雪印グループを解体に追い込んだ2度の雪印事件(平成12年〈2000〉雪印乳業集団食中毒事件、平成14年〈2002〉雪印食品牛肉偽装事件)を皮切りに、平成中期には食品事故、表示・品質偽装、食品テロが多発した。そこに業界の慢心があったのは確かだが、コストの正常な転嫁を阻む価格競争が事故や偽装の温床となっていたことも否定できない。

――平成10年代には食品関連の事件・事故が相次ぎ、消費者の食の安全・安心に対する関心が高まりました。

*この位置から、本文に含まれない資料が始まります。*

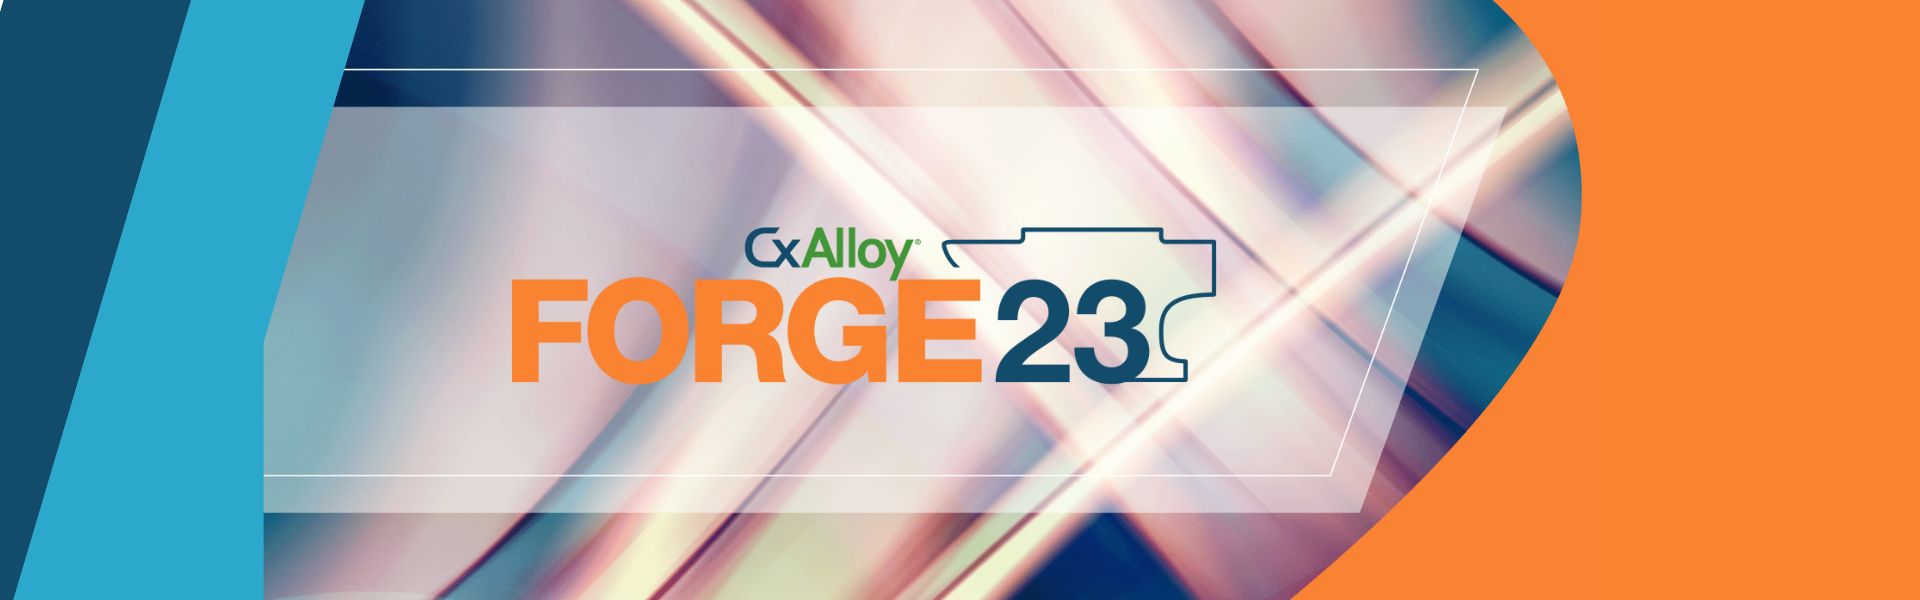 CxAlloy Forge23

「偽装表示のような職業倫理に反する事件が起きてしまったのは残念なことです。平成期の反省点として記憶すべきでしょう。しばしばマスコミに取り上げられた異物混入なども、本来あってはならないことです。100%防ぐのは難しいという声もありますが…」

――事故や偽装が次々に発覚した平成19年〈2007〉前後は、いわゆる「川上インフレ・川下デフレ」の時期に当たります。コストの正常な転嫁を許さない競争環境にも問題があったのでは。

「その因果関係は分かりません。ただ、当時は穀物を中心に輸入原料が急激に上がっていましたから、サプライチェーンに歪みが生じないよう、安売り以外の販売促進のあり方などについてもう少し知恵を絞るべきだったんでしょうね」

――平成20年〈2008〉、日本向け冷凍食品の受託製造を専門に手がけていた中国天洋食品で殺虫剤混入事件が発生しました。後の捜査で待遇に不満を持つ工員による報復行為だったことが判明しました。

「日本も缶詰輸出で外貨を稼いでいた頃には、諸外国に買い叩かれた腹いせに、石などを詰めて送るケースがあったと聞いたことがあります。万全な品質保証体制を築き上げるには、取引先の労働環境にも配慮し、信頼関係を醸成していくより他にないということでしょう。根本的には職業倫理の問題です」

――安全・安心意識の高まりを背景に、メーカーは異物混入対策などに多額の設備投資を行い、卸も品質管理の強化やフードディフェンスへの投資に力を入れるようになりました。来年はHACCPの義務化も控えており、食品製配販の品質管理コストはますます高まる方向です。この問題をどうお考えですか。

「難題ですね。消費者の要求レベルが上がり、それに応える法律が整備されれば、業界はコストをかけて対応していかなければならない。平成期にも同様のケースが多数ありましたよね」

――ええ。平成19年〈2007〉のミートホープ牛ミンチ偽装事件の後には、業務用商品への原材料表示が義務づけられました。平成20年〈2008〉に発生した三笠フーズによる事故米不正転売事件の後には、米の取引管理記録を義務づける米トレーサビリティ法が施行されました。

「そうした政府の管理体制が強まるほど、製造・流通コストが上がり、最終的には価格への転嫁という話になってしまいます。そんな事態を回避するためにも、私たち食品事業者は職業倫理に徹していく必要があるし、消費者の方々にも要求と買いやすい価格のバランスというものに目を向けていただきたいと思うのです」

――制度に頼ることなく、自由で健全な事業環境と購買環境を維持できる国であり続けたいですね。